Comment by graypegg

8 days ago

I think they could've worked a little harder to at least find a noun you could futz with so it has some commonality between european languages. "Office" is probably well known, but it doesn't "feel" very european to use a noun that's different from most other EU languages translation. Could be "Productiv" or something. It feels like the federal government here in Canada has a team of language nerds ready to smash together a clever french-english name with two superimposed meanings when needed. ("O-Train", Ottawa Train, Au Train. "Via Rail". "Service Canada". "ArriveCAN". etc)

You can't tell me there isn't a few turbo-nerds somewhere in the entire continent of europe that will find the intersection of 6-7 languages to name an EU groupware suite.

Ireland is in EU. English is the primary language there (even though it is not the original language).

Also, English does work as a sort of Lingua Franca across EU countries.

Nothing wrong with it.

  • I know, that's what I meant by "most other EU language translations". But to me at least, this is a brandable name. Why not do something "unifying" across many european languages, not just something that works in a singular one?
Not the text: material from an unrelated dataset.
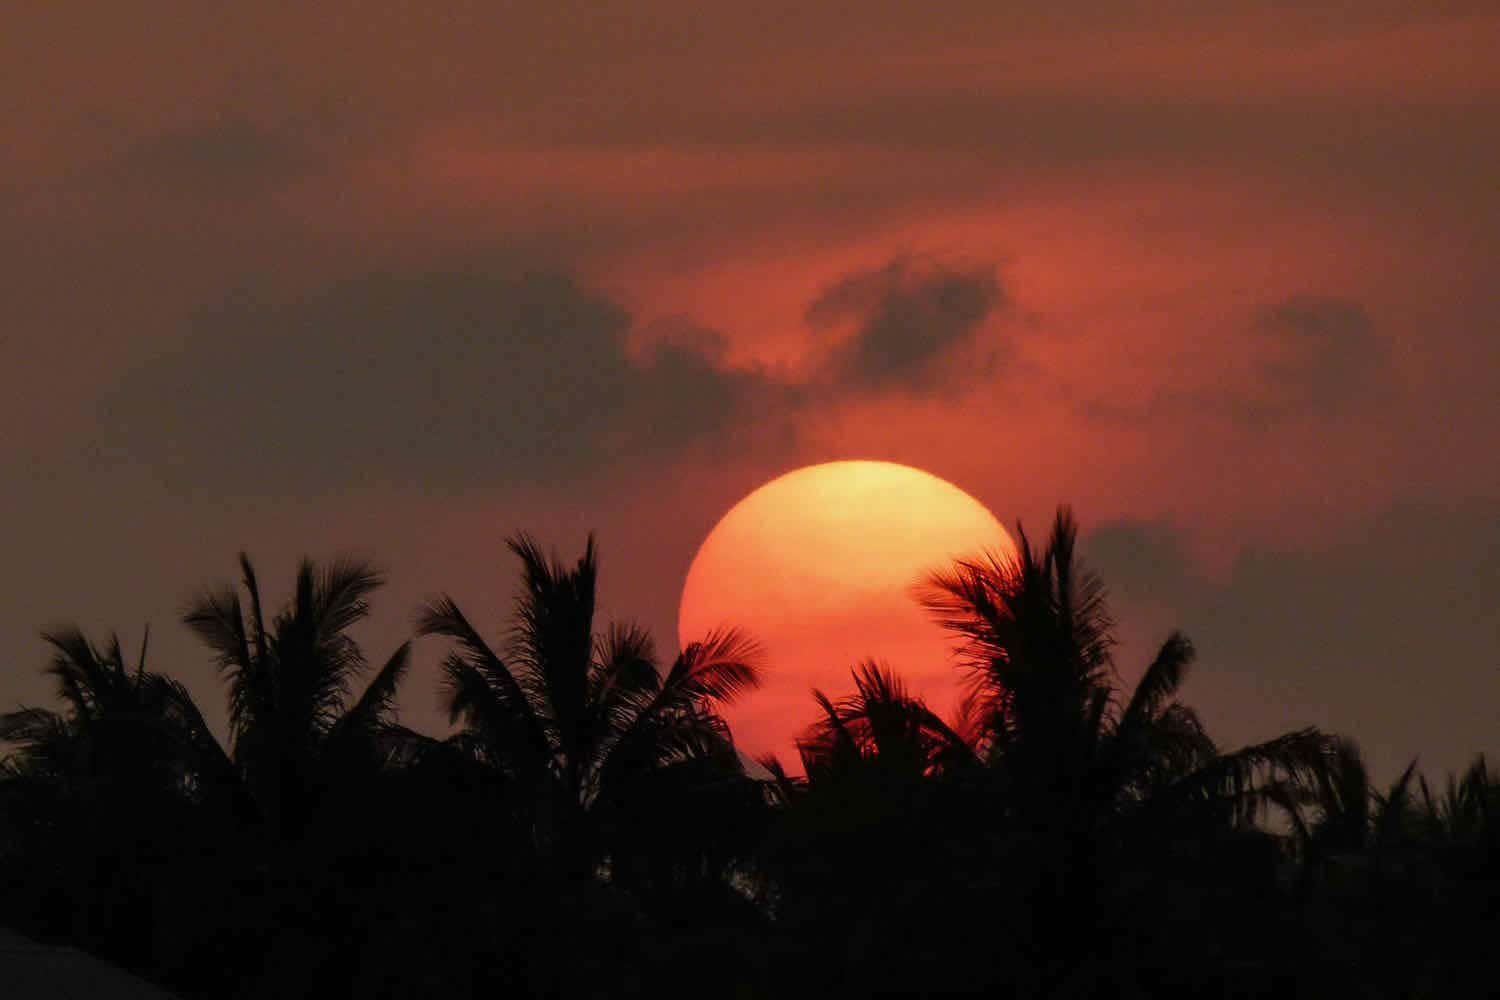 Yellow and red sun setting in a red sky behind palm trees

    It's more of a plea for creativity rather than pragmatism... but I'm arguing for creativity from a government agency... so I might be a bit off base here haha

    • To be frank, any European language is a minority within the continent as a whole. English at least makes it marketable anywhere.

      If I was the one to suggest a catchy name I would pick something in Latin or Greek.

      Oficium has a nice ring to it.

      Too bad ".um" TLD is tied to USA. ofici.um would be a sick URL/name.